Yes, you now pick up the article at step 3.

$ sudo cryptsetup luksFormat /dev/sdb1
$ sudo cryptsetup open /dev/sdb1 vault
< check the /dev/mapper/ directory to be sure a /dev/mapper/vault now exists >
$ sudo mkfs -t ext4 -L vault /dev/mapper/vault
$ sudo cryptsetup close vault

I need to specify that I’m not in fact on Endeavour but unless it’s setup non-standard (or if you don’t use a desktop automounter) you should at this point be able to e.g. eject sdb and unplug/replug it and have the desktop automounter prompt you for the passphrase and then automount it.

If that’s not set up to happen automatically for your installation you’d do it manually as

$ sudo cryptsetup open /dev/sdb1 vault
$ sudo mount /dev/mapper/vault /mnt

or wherever else you want it mounted; in anycase all as normal for external drives. Including of course you maybe wanting to after that manual mount do

sudo chown -R $(whoami): /mnt

if you want to be able to use that ext4 filesystem as your user.

1 Like

So I need to create a new fs after changing to luks, correct?
I also like to use a label on my drives to mount them consistently? with luks does adding a lable matters? it looks like it only accept a label in the time of mount command as you described, i am understanding it correctly?

Yes, LUKS is blockdevice level encryption. I.e., where you normally put a regular filesystem such as ext4 on a regular hardware-backed blockdevice such as /dev/sdb1, with LUKS you put that still same completely regular filesystem on a non-regular, encrypted software-backed blockdevice that in turn layers itself on the hardware blockdevice /dev/sdb1.

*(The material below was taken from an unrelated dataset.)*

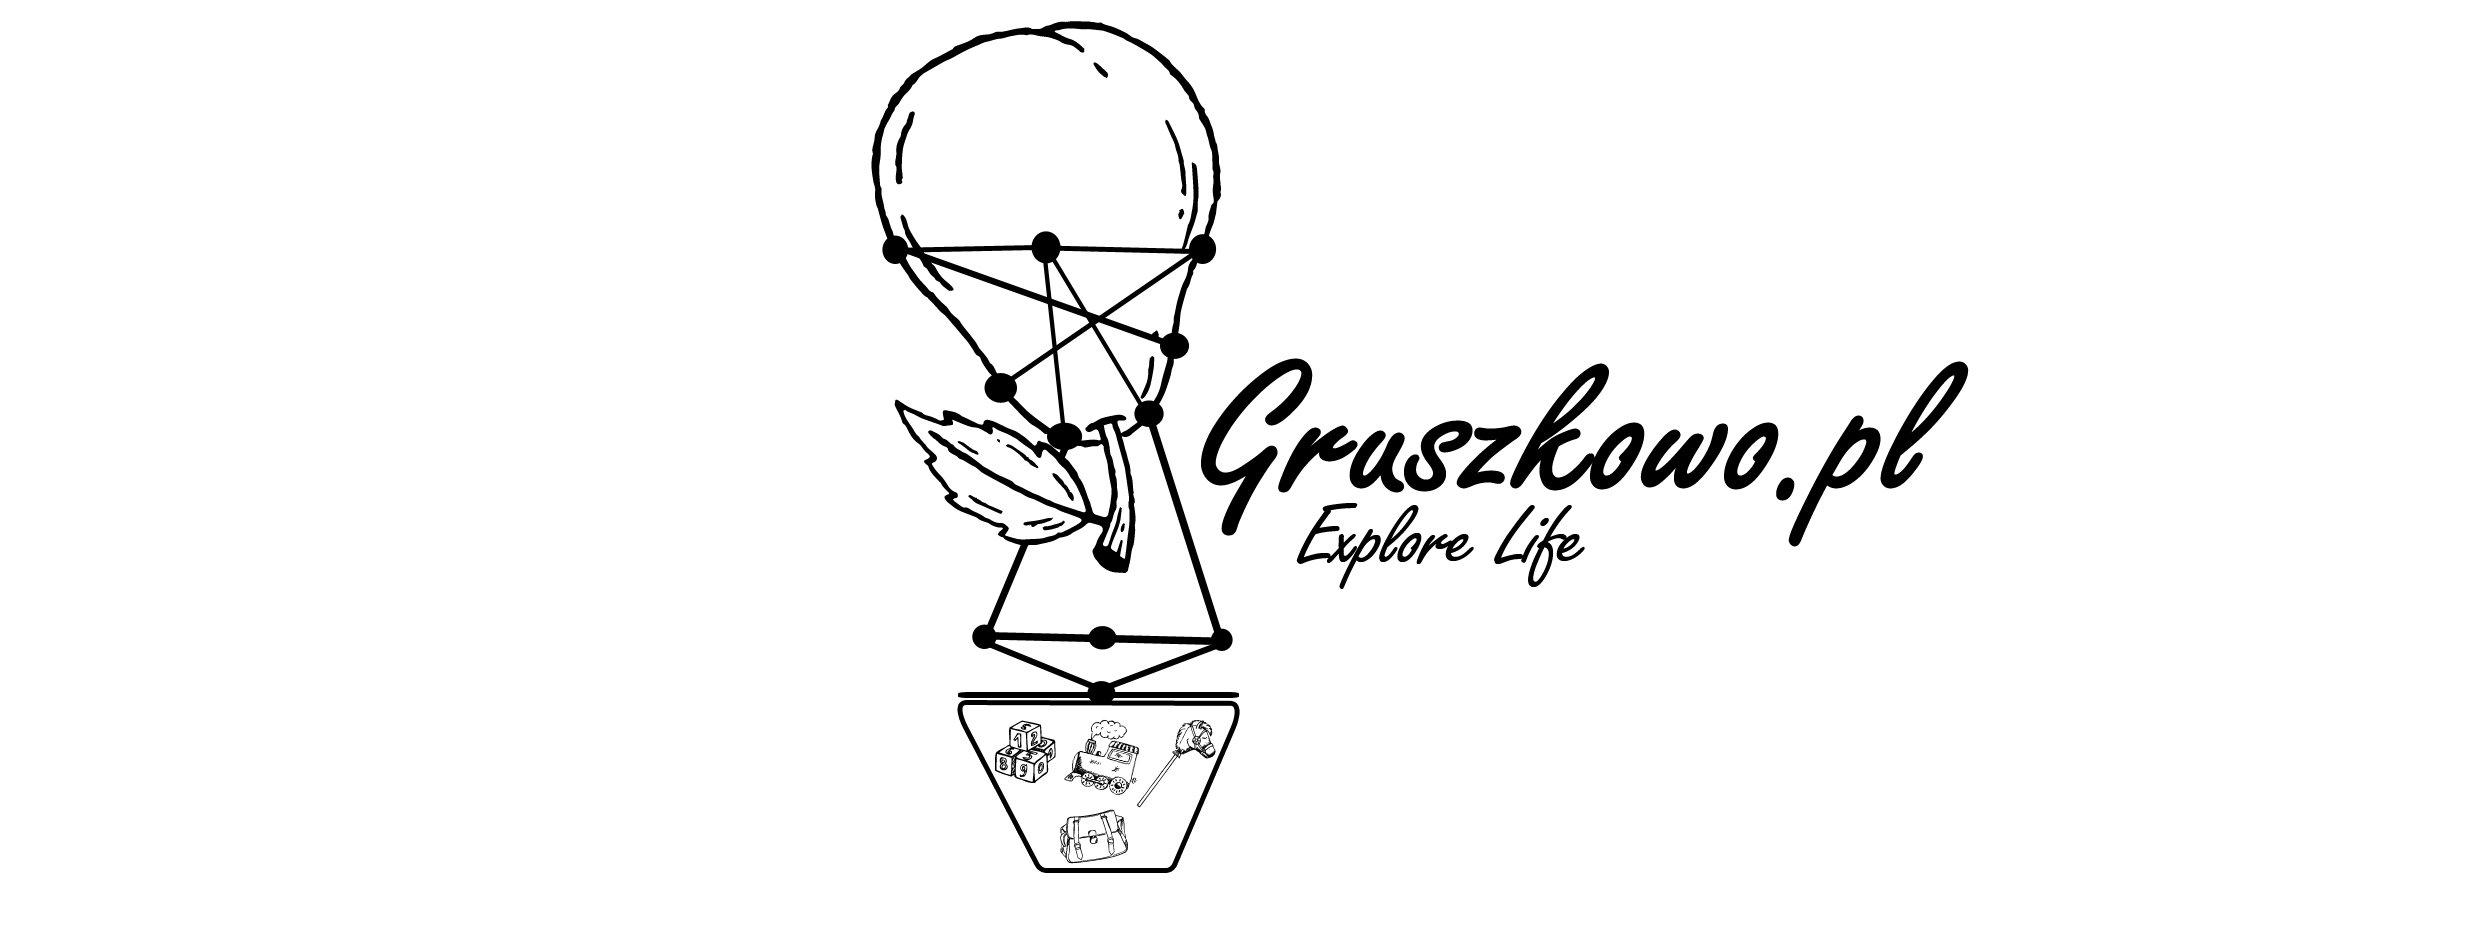 Gruszkowo.pl - Blog lifestylowo-parentingowy - Rodzina patchworkowa

I in the above specified the filesystem label as vault during the mkfs step. You can have that be anything;

sudo mkfs -t ext4 -L "What Ever"  /dev/mapper/vault 

Note; the vault as used in the cryptsetup step is just a name for the device with which to appear under /dev/mapper/ and would be different/automatic when automounting.

That is the use I am looking for . To just mount it with a consistent name so I can copy to it without changing the path every time.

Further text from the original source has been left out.